## The problem
The answer must consist of every line in the records that contains the word "Gift".

## Data for this exercise
%%

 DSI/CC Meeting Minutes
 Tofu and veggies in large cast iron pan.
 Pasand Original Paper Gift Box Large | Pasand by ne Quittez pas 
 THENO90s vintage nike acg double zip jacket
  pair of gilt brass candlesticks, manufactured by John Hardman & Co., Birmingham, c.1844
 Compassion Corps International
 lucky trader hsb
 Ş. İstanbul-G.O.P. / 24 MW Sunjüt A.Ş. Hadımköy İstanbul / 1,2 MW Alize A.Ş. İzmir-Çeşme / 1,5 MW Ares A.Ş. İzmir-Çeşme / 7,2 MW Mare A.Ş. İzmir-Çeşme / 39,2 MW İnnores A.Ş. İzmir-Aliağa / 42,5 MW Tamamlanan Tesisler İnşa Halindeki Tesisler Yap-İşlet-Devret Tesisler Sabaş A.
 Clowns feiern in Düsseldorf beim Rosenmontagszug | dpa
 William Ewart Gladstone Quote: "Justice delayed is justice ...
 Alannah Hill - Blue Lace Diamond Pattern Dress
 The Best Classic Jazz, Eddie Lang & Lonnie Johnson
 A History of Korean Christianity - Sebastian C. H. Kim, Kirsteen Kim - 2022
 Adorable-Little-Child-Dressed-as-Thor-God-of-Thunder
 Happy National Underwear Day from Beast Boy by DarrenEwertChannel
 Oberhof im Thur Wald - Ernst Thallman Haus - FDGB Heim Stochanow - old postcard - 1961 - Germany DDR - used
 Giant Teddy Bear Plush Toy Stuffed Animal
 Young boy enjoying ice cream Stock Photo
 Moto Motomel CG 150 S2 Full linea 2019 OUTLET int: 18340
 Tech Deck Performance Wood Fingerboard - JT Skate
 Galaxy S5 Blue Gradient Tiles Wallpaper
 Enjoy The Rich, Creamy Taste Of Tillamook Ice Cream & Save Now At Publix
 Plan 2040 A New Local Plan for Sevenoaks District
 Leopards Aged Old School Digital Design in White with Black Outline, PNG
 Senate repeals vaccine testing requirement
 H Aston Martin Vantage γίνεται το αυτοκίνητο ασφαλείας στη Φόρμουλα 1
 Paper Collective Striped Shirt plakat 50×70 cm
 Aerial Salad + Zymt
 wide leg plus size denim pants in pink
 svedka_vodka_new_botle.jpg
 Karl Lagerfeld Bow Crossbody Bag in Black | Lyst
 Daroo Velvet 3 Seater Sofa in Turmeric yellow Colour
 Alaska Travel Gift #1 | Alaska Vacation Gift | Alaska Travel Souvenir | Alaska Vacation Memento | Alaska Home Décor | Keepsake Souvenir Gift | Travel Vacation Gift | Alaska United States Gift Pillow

%%

## Output below
 Pasand Original Paper Gift Box Large | Pasand by ne Quittez pas 
 Alaska Travel Gift #1 | Alaska Vacation Gift | Alaska Travel Souvenir | Alaska Vacation Memento | Alaska Home Décor | Keepsake Souvenir Gift | Travel Vacation Gift | Alaska United States Gift Pillow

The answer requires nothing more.